**YOUR ASSIGNMENT:** Where the word "Stock" appears in a line below, copy the whole line.

**STORED DATA:**

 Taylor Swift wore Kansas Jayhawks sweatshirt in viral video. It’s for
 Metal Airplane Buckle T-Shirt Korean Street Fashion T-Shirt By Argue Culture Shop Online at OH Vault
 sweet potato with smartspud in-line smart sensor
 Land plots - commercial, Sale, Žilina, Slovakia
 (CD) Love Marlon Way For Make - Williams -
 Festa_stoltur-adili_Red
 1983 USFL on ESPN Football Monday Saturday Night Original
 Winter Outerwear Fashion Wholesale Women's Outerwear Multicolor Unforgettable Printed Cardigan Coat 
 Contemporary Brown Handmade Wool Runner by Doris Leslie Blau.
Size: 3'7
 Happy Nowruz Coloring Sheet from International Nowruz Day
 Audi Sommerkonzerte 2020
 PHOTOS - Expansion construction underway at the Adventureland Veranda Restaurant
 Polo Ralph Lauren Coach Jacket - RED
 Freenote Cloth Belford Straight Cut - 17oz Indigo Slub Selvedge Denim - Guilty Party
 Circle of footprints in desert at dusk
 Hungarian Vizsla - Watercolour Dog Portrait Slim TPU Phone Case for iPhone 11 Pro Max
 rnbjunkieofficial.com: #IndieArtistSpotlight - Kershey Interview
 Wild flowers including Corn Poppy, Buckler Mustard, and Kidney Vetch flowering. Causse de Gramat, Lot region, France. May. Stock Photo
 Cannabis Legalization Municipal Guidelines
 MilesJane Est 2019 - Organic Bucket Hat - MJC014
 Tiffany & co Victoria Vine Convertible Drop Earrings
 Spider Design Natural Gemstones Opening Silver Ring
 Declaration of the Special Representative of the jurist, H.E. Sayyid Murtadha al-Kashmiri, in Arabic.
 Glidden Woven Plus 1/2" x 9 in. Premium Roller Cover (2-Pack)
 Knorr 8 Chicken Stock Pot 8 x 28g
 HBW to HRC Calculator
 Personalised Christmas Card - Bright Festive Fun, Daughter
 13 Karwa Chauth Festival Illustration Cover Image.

**RESPONSE BELOW:**
 Wild flowers including Corn Poppy, Buckler Mustard, and Kidney Vetch flowering. Causse de Gramat, Lot region, France. May. Stock Photo
 Knorr 8 Chicken Stock Pot 8 x 28g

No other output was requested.